Scan the records that follow, and whenever a line has the word "einer", copy it.

**Stored data**:
((

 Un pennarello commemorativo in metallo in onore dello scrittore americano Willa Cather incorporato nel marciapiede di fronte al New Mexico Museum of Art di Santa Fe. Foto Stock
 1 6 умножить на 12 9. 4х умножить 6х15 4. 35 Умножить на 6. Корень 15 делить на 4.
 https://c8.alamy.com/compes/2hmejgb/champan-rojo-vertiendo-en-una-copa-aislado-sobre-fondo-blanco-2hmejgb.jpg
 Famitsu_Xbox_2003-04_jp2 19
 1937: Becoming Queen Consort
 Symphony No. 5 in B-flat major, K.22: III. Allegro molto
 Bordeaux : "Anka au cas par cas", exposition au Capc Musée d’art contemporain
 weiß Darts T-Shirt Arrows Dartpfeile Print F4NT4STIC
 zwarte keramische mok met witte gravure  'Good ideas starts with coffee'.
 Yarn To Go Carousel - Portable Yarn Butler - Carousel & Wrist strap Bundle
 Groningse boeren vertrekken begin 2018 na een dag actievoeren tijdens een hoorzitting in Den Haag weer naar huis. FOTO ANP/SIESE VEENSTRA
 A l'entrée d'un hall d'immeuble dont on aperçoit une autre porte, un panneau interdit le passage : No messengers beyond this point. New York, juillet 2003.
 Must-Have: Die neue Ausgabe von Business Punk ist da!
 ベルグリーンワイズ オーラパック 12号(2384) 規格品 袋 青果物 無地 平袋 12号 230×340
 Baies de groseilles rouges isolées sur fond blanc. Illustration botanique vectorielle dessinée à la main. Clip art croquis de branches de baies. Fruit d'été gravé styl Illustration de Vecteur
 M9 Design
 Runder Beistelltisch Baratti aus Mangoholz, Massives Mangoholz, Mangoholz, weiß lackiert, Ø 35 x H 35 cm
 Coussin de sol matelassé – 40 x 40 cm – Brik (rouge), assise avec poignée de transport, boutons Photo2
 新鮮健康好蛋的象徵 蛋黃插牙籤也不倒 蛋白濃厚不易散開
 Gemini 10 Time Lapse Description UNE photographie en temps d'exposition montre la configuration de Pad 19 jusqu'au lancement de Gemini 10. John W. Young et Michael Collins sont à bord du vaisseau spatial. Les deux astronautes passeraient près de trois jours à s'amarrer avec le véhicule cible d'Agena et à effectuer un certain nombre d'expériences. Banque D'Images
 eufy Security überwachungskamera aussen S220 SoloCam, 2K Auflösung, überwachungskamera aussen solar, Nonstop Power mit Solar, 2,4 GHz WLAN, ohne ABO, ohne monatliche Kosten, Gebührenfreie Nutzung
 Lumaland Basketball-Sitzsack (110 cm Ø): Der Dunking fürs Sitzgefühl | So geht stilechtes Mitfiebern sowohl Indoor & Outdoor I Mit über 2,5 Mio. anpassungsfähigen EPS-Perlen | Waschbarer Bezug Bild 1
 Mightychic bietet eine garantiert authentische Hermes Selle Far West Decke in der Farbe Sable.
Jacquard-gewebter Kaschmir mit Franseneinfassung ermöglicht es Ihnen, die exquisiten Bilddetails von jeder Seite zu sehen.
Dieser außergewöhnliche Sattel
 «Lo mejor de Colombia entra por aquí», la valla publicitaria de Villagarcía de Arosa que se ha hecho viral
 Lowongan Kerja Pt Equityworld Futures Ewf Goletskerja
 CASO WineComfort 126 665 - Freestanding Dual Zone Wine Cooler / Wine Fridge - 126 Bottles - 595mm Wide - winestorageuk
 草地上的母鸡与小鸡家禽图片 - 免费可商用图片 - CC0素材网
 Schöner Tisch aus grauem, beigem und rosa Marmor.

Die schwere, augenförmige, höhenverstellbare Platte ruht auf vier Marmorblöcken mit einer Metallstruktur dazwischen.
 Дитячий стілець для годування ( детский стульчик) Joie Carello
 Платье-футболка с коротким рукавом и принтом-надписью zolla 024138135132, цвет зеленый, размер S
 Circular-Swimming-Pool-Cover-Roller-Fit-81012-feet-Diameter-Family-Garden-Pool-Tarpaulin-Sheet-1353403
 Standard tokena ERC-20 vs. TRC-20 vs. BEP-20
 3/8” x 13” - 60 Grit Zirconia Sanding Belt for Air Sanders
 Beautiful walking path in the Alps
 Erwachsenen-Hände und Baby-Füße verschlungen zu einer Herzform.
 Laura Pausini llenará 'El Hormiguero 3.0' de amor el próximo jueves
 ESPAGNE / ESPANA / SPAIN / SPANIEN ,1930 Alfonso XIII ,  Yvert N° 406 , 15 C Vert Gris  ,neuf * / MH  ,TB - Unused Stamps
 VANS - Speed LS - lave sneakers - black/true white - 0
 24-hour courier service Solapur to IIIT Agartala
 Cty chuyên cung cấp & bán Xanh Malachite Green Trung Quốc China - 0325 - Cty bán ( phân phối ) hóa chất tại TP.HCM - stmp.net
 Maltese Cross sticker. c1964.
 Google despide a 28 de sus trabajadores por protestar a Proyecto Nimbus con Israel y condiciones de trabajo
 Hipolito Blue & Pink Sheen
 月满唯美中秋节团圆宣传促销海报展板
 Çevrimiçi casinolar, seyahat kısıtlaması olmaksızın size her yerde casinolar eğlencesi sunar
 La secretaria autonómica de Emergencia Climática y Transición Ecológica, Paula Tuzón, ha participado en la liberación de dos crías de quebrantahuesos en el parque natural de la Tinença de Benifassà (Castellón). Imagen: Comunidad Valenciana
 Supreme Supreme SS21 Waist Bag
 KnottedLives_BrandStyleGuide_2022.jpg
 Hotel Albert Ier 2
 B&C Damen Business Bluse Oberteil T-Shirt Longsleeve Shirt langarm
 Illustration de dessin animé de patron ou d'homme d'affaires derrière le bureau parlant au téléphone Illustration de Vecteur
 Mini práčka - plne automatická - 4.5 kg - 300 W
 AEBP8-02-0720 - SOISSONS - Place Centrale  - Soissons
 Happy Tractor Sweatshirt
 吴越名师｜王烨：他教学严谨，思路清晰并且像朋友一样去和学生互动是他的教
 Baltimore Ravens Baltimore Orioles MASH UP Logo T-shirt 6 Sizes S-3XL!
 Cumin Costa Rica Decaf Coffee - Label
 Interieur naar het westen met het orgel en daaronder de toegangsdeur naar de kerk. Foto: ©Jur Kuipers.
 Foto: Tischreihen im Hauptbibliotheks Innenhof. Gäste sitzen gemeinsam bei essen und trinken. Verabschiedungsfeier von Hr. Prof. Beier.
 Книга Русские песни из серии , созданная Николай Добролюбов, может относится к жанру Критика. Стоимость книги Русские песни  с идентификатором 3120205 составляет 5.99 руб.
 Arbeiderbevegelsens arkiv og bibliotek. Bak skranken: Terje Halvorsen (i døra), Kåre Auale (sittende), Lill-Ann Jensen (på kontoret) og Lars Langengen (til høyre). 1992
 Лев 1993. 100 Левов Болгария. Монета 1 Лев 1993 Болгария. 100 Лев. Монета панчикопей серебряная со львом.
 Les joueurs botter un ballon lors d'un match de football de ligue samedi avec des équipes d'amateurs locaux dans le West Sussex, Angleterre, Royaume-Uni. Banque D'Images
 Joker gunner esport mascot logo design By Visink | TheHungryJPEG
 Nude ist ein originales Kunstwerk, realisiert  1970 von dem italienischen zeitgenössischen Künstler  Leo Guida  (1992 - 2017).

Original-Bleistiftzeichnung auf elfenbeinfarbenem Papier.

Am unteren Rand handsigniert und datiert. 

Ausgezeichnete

))

**Output for this exercise**:
Die schwere, augenförmige, höhenverstellbare Platte ruht auf vier Marmorblöcken mit einer Metallstruktur dazwischen.
 Erwachsenen-Hände und Baby-Füße verschlungen zu einer Herzform.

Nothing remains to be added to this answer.